We need to talk about the one per cent
One per cent of the world's population now control half its wealth.
Since 2008, “middle-class wealth has grown at a slower pace than wealth at the top end. This has reversed the pre-crisis trend, which saw the share of middle-class wealth remaining fairly stable over time.”
This is not the finding of a socialist propagandist, but of Credit Suisse and published last week in its latest annual global wealth survey.
It reports that wealth per adult in New Zealand declined overall by nearly 20 percent over the past year, from USD$484,800 to $400,800 mainly because of exchange rate movements. But the report also ranks New Zealand with the highest median wealth per adult, at USD$182,600. The ranking by median wealth per adult favours countries with lower levels of wealth inequality.
Before this government takes too much credit, it’s worth pointing out that the Credit Suisse data shows median household wealth grew most between 2000 and 2005 under Clark, Cullen and Anderton. Things have levelled off considerably since.
I'm sceptical about the accuracy of New Zealand's relative ranking and the rates of change because measurement is difficult and the biggest factor is exchange rate variation.

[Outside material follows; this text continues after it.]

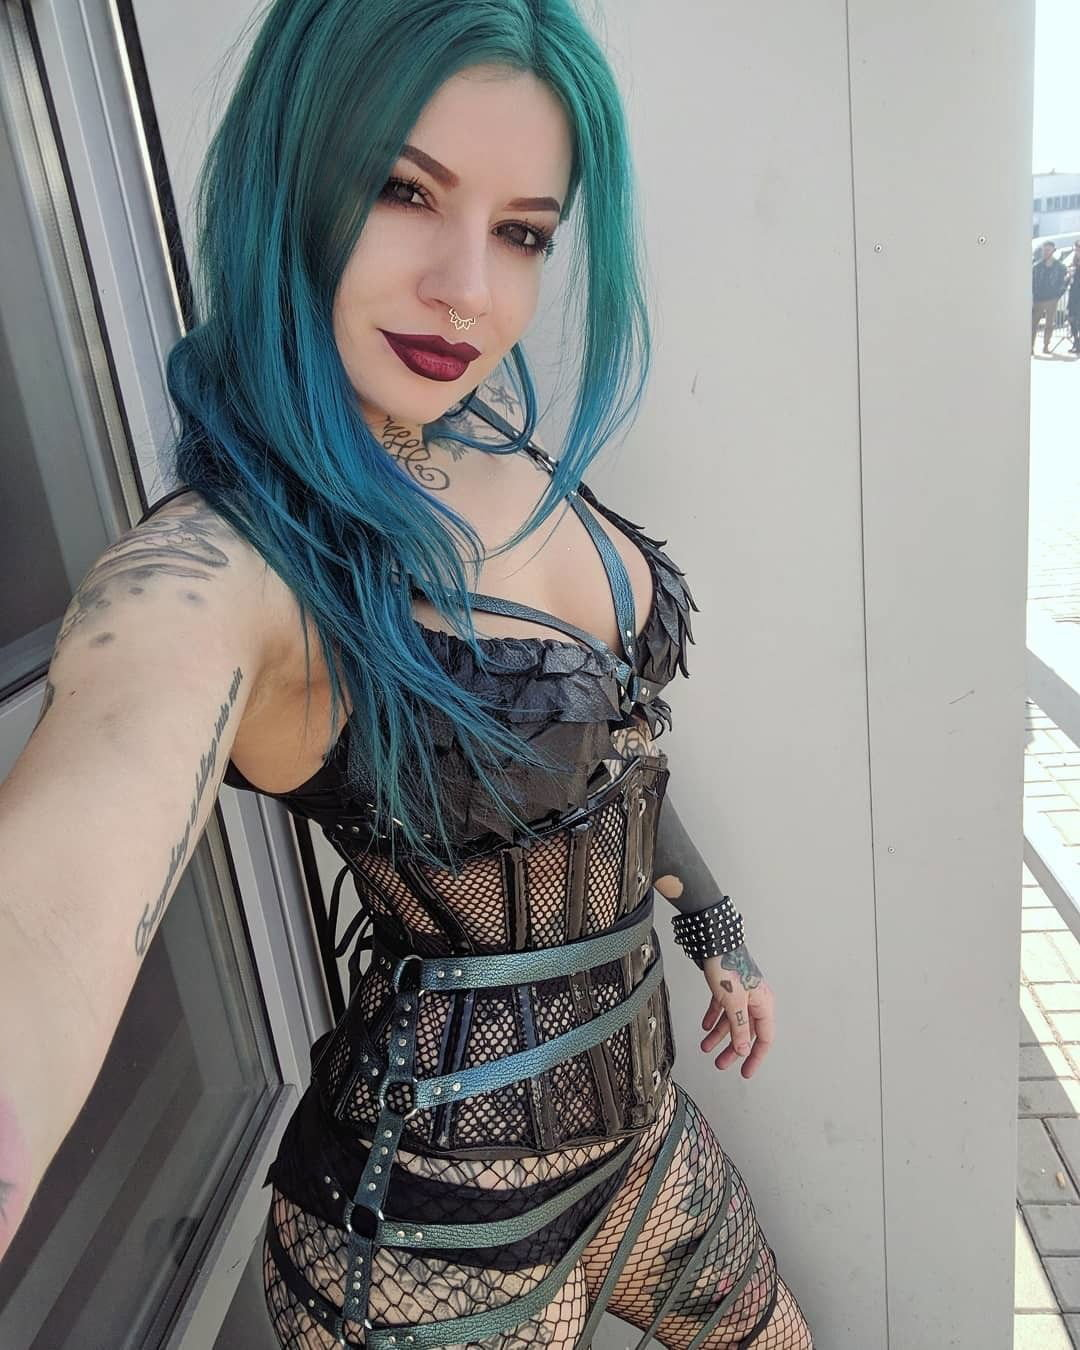 Photo by Devynsdogg with the username @Devynsdogg,  April 6, 2019 at 9:37 PM and the text says 'Usually these girls don't come out in the sunlight. #bdsm #bdsmfemdomgirl #sexylingerie #tattoo #babes #sexyfemales #beautifulgirls #neonhair..'
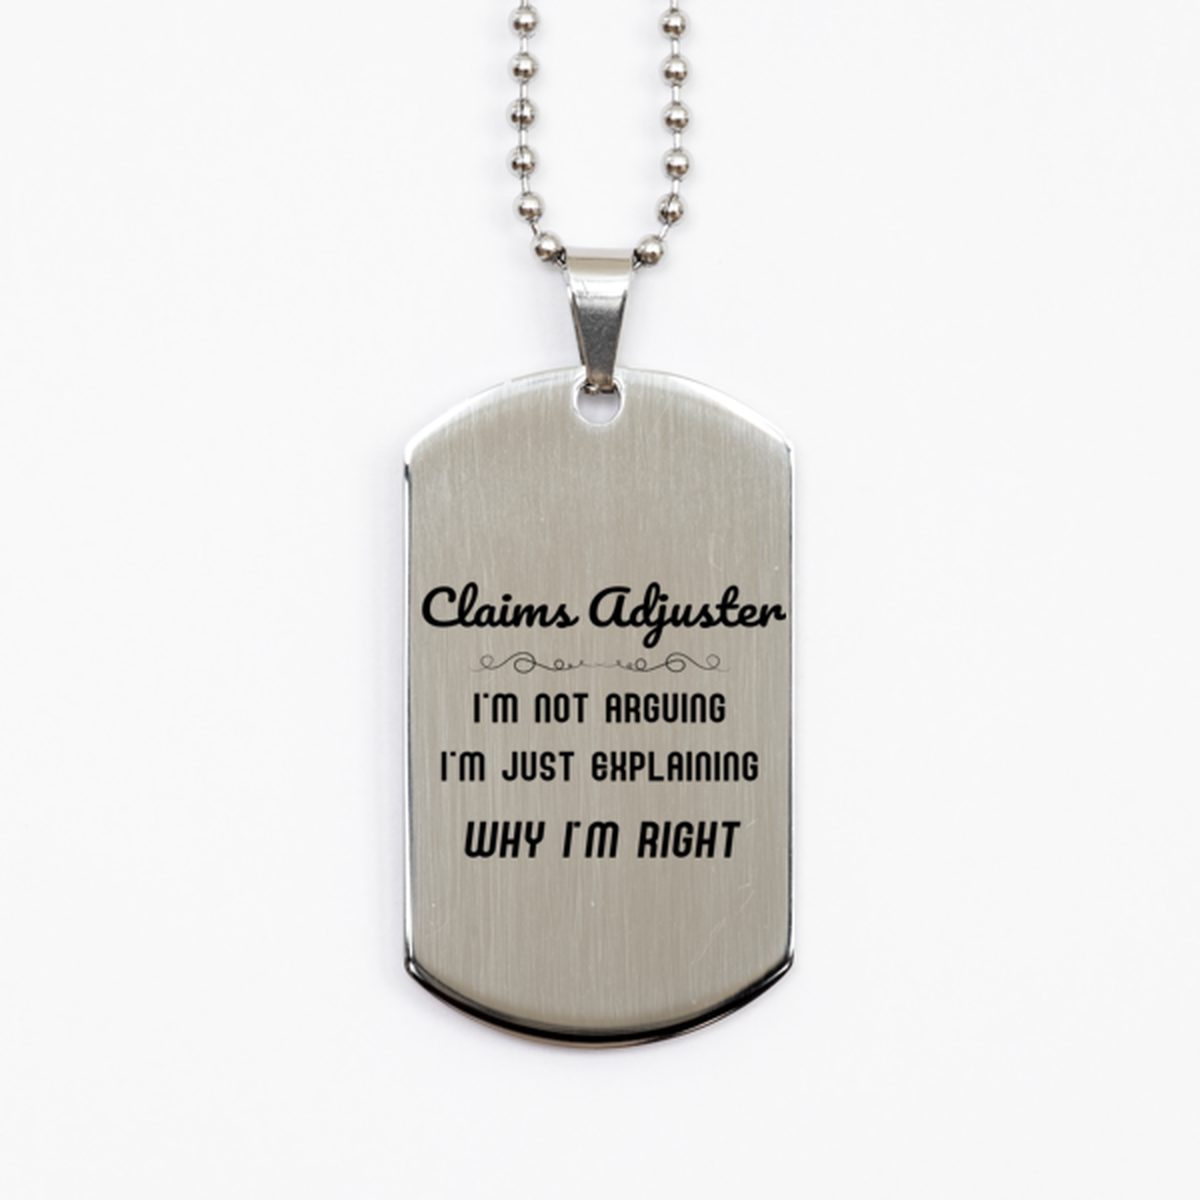 Claims Adjuster I'm not Arguing. I'm Just Explaining Why I'm RIGHT Silver Dog Tag, Funny Saying Quote Claims Adjuster Gifts For Claims Adjuster Graduation Birthday Christmas Gifts for Men Women Coworker

If New Zealand ranks well on these measures, the global picture must be worse than we thought. After all, we know that a New Zealander on the average wage can't afford to pay the average mortgage on the average house. A family on an average income does not enjoy world class standards of living, and getting by is still a daily battle.
You don’t have to be an avaricious plutocrat to be in the one per cent. You only need to be an adult worth more than USD $759,900, so if you own a home in Pt Chev mortgage free, you are probably in the club. This tells us that this is not the result of the one per cent’s greed or hard work, but the result of bad policy producing predictable results.
The upward distribution of wealth is a global story – the ultimate megatrend. And, even as total wealth rises, the global crisis of wealth inequality gets worse. The Credit Suisse report bolsters Thomas Piketty's claim that capital earns not just more wealth than other forms of income, but will keep generating a greater and greater share until or unless policy intervenes.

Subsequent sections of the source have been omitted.